Work instruction:
Transcribe the full listing without changing a word, and omit its pictures.

Dataset extract:
+++
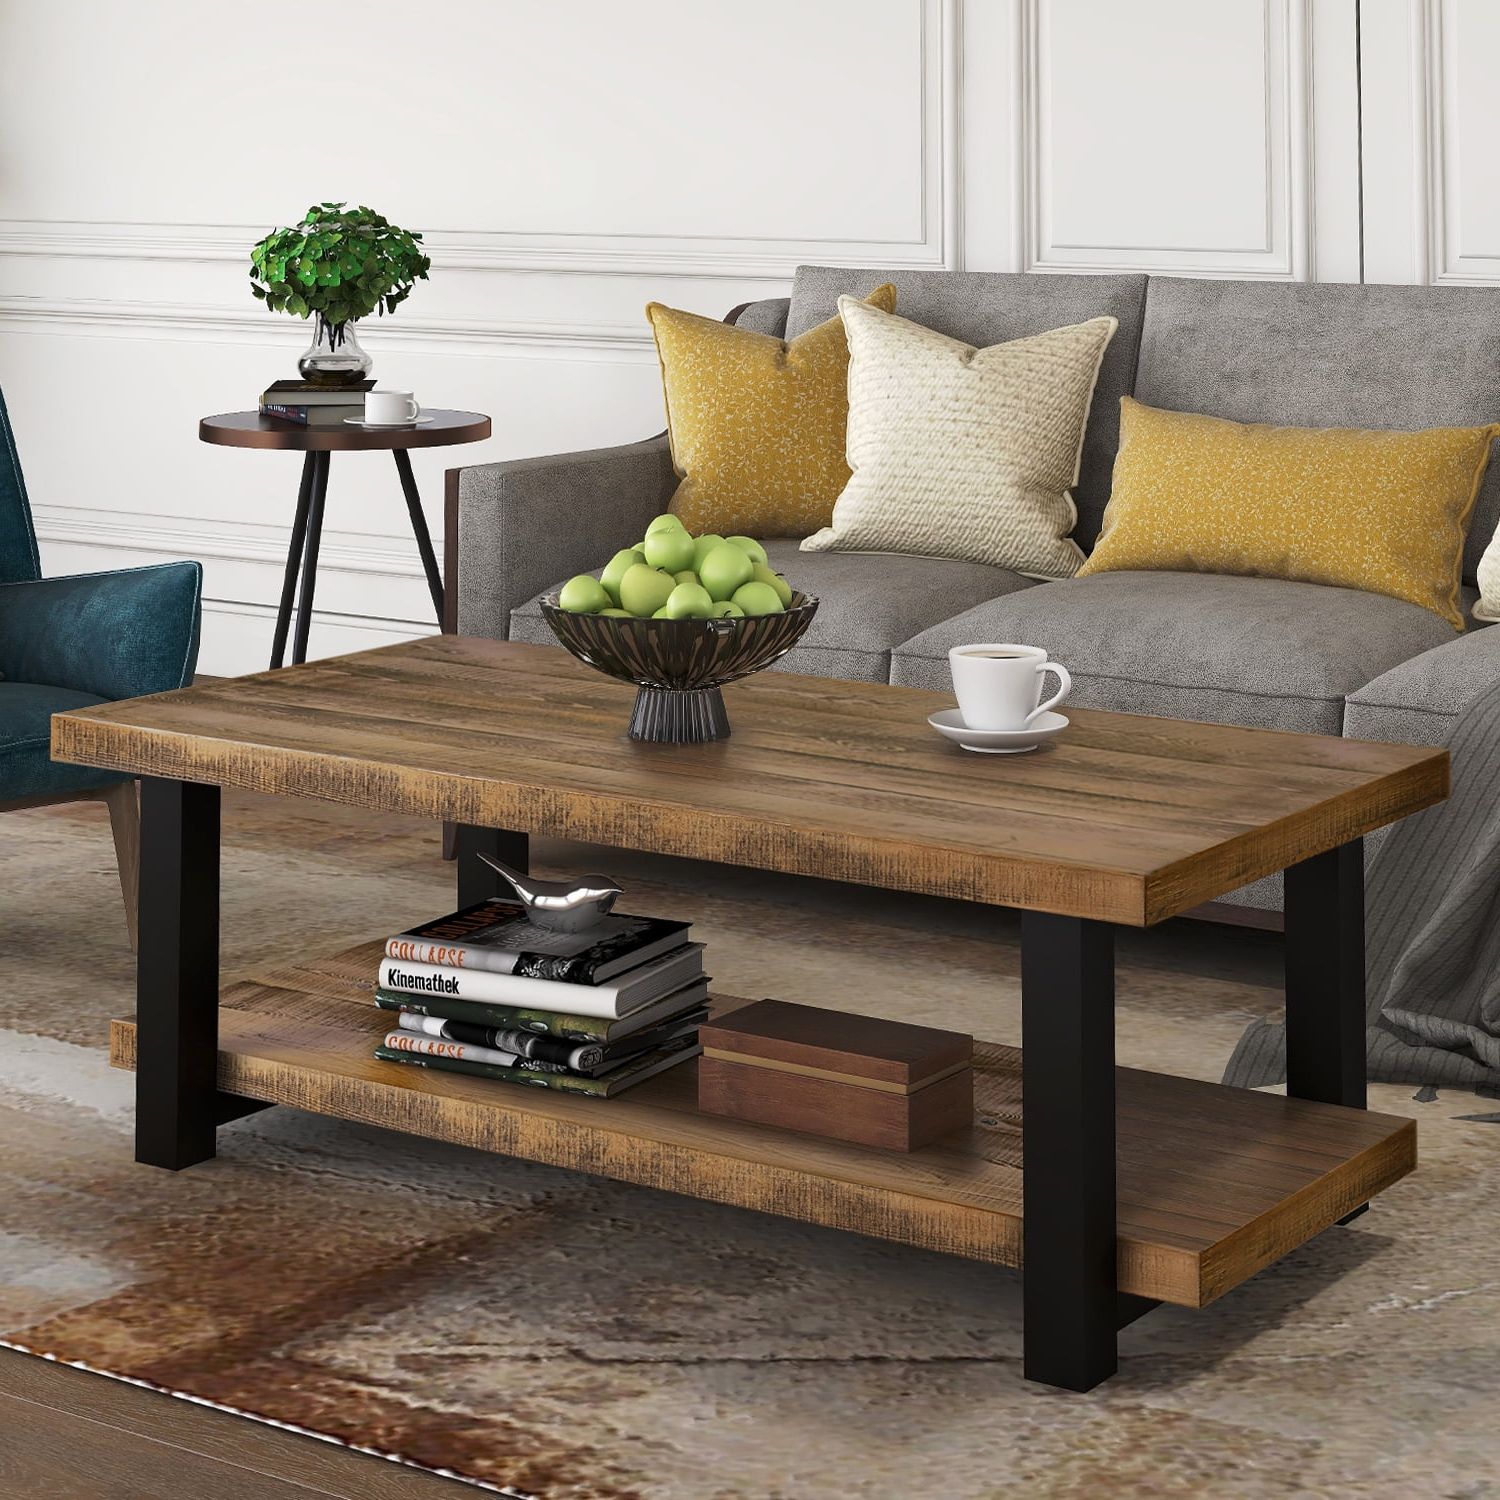 Topcobe Rustic Natural Coffee Table With Storage Shelf, Side End Table Intended For Fashionable Coffee Tables With Storage (View 5 of 15)
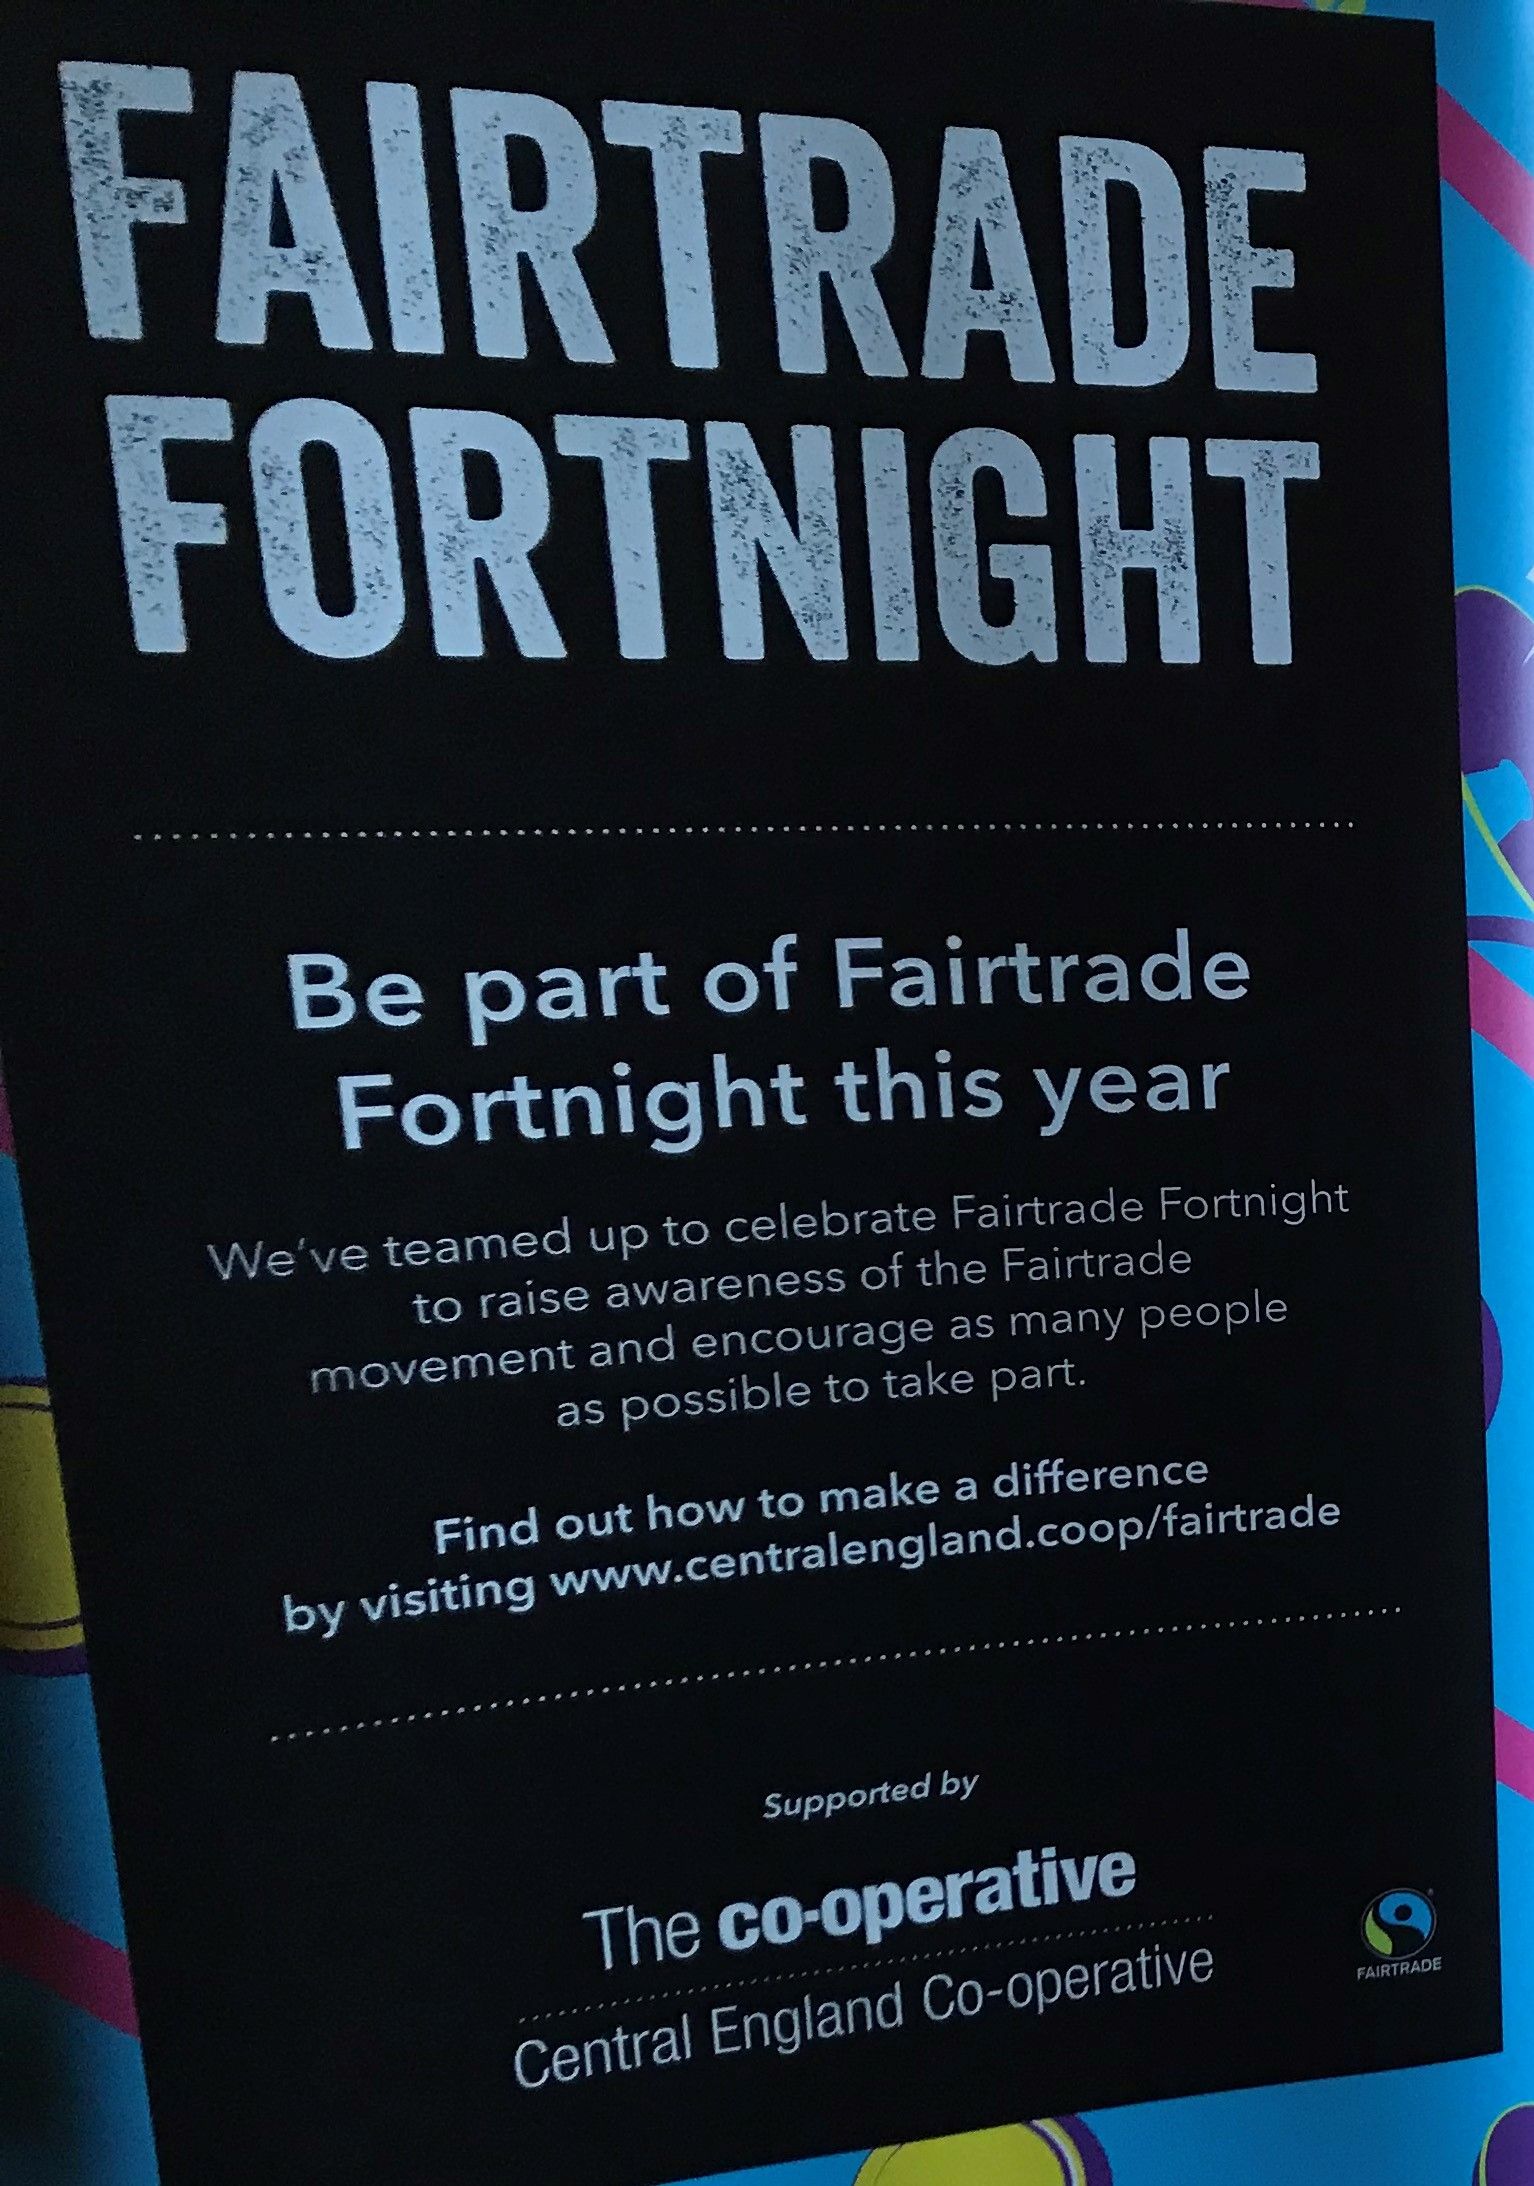 Week one of Fairtrade Fortnight activity in the West Midlands
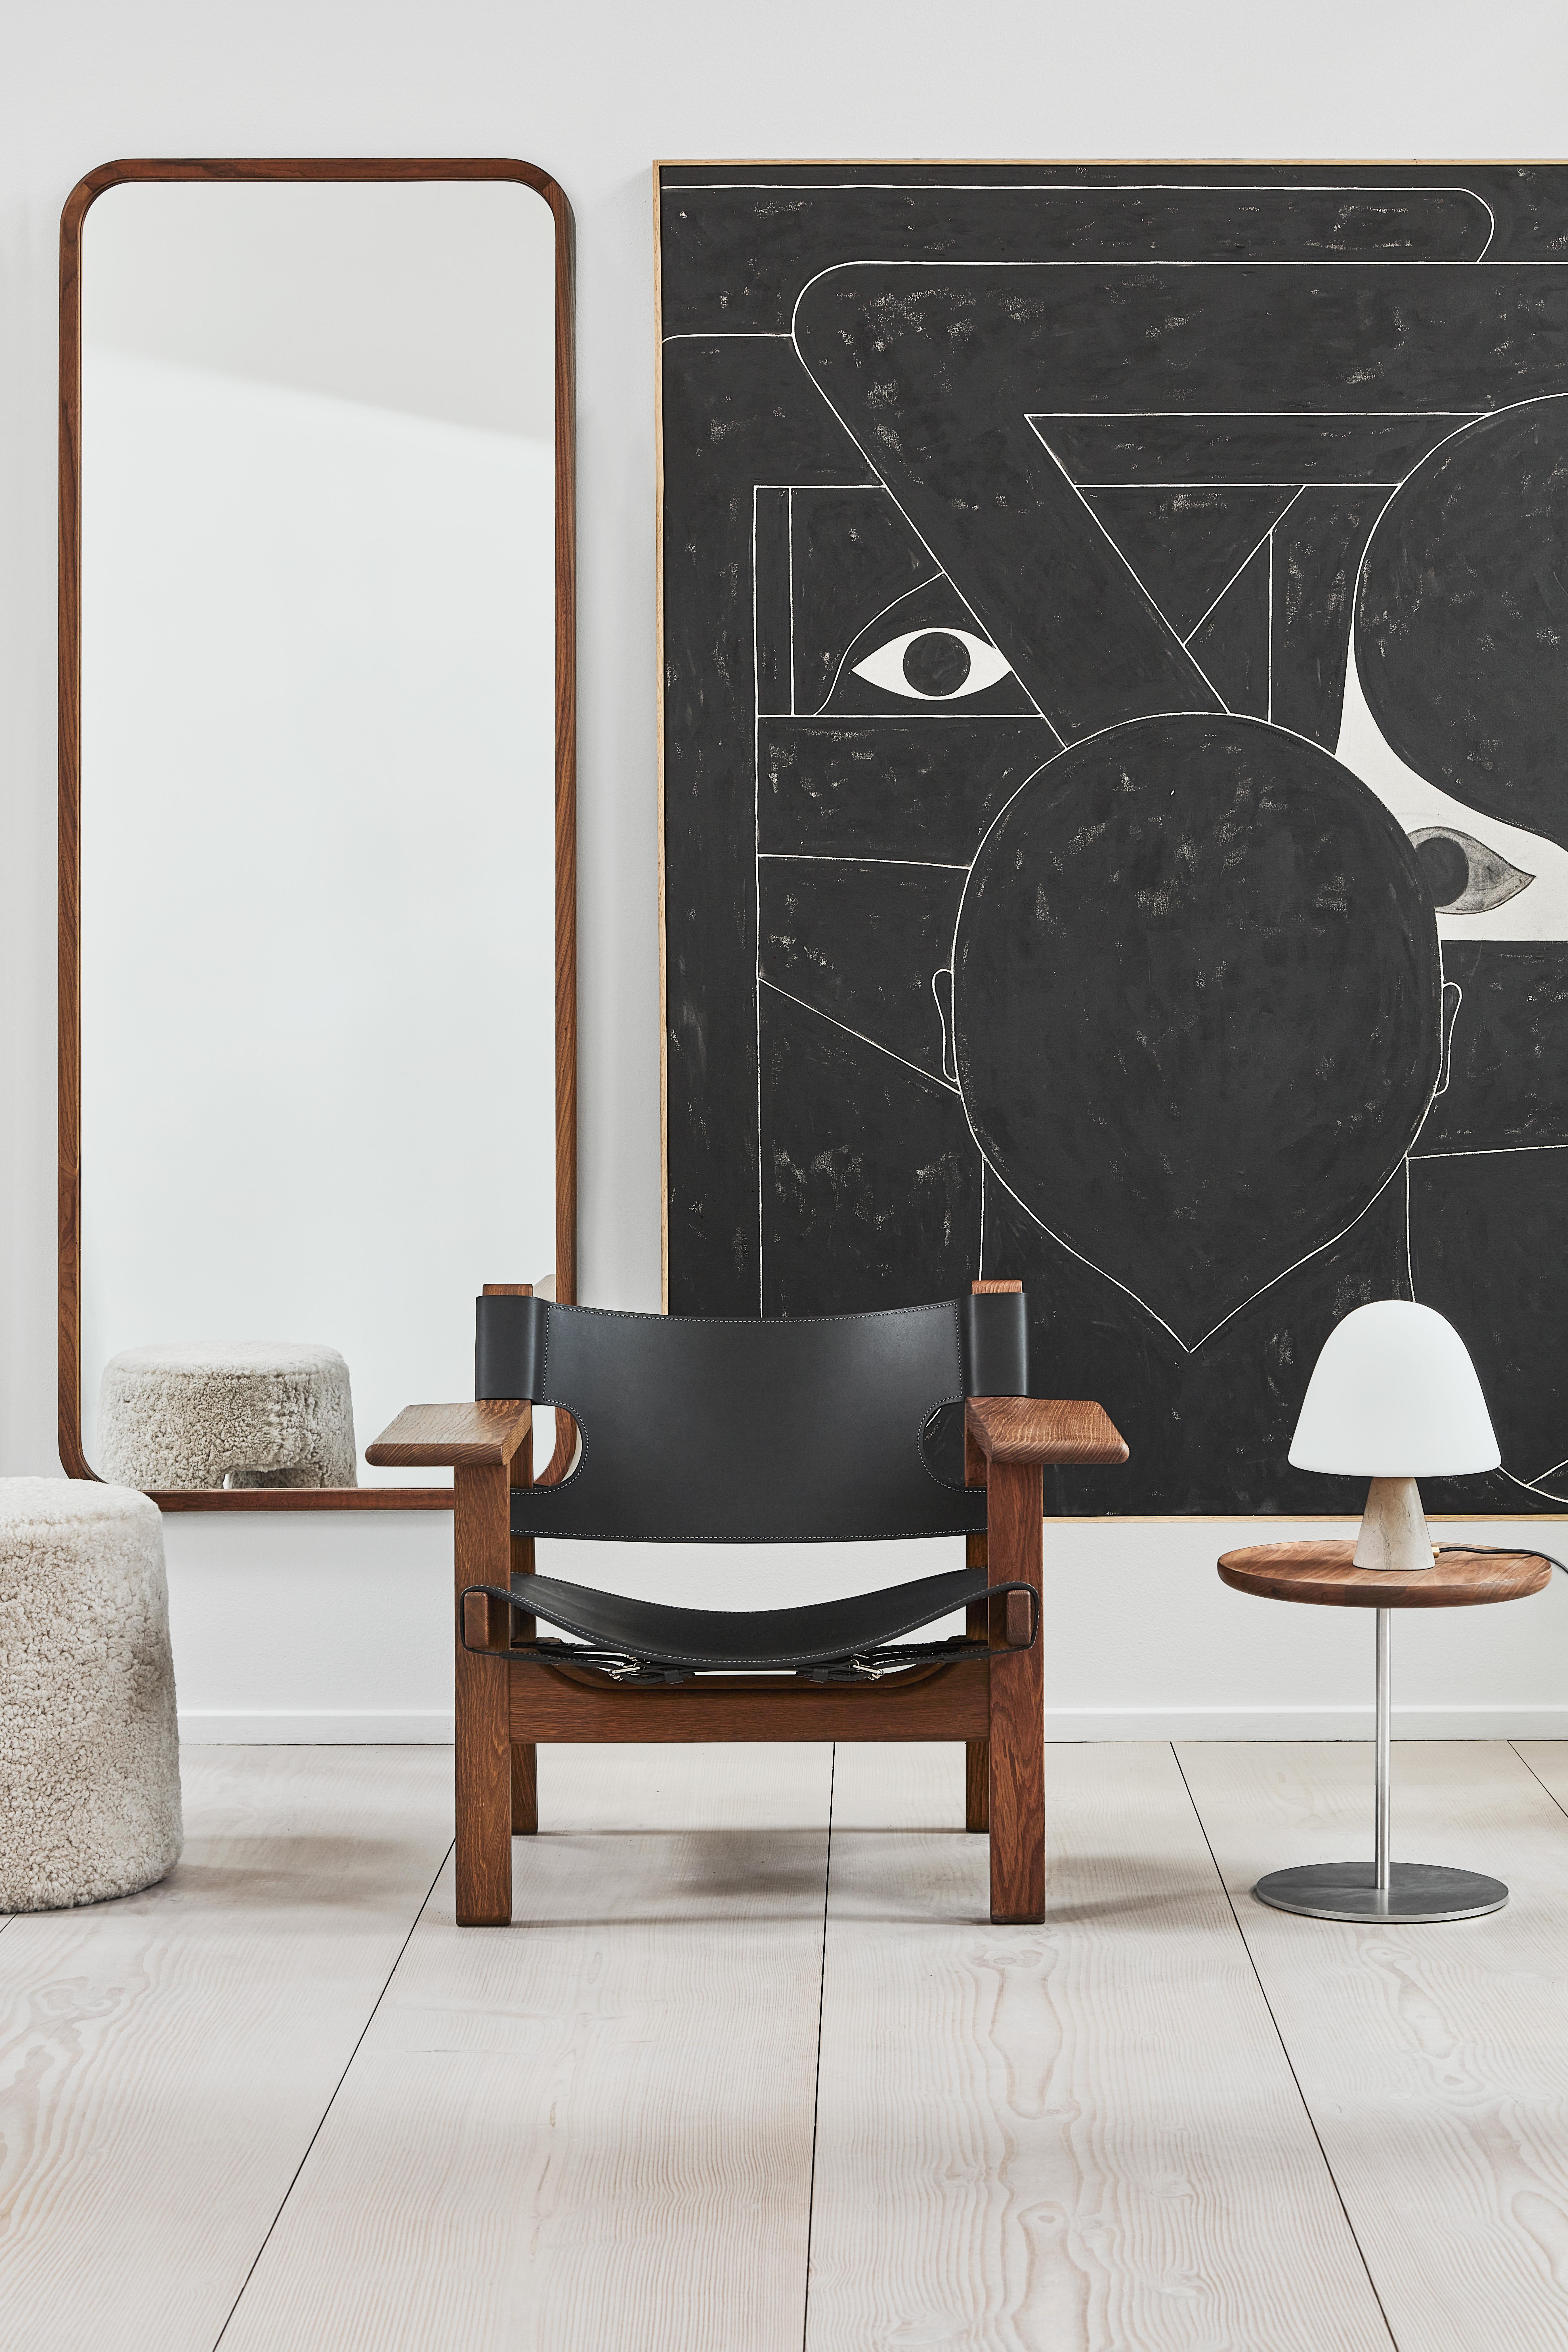 The iconic Spanish chair is Børge Mogensen’s masterful contribution to modern design, designed for Fredericia in 1958. Solid oak or walnut combined with the highest caliber saddle leather creates a strong presence in a chair that will only become
+++
Written response:
 Topcobe Rustic Natural Coffee Table With Storage Shelf, Side End Table Intended For Fashionable Coffee Tables With Storage (View 5 of 15)
 Week one of Fairtrade Fortnight activity in the West Midlands
 The iconic Spanish chair is Børge Mogensen’s masterful contribution to modern design, designed for Fredericia in 1958. Solid oak or walnut combined with the highest caliber saddle leather creates a strong presence in a chair that will only become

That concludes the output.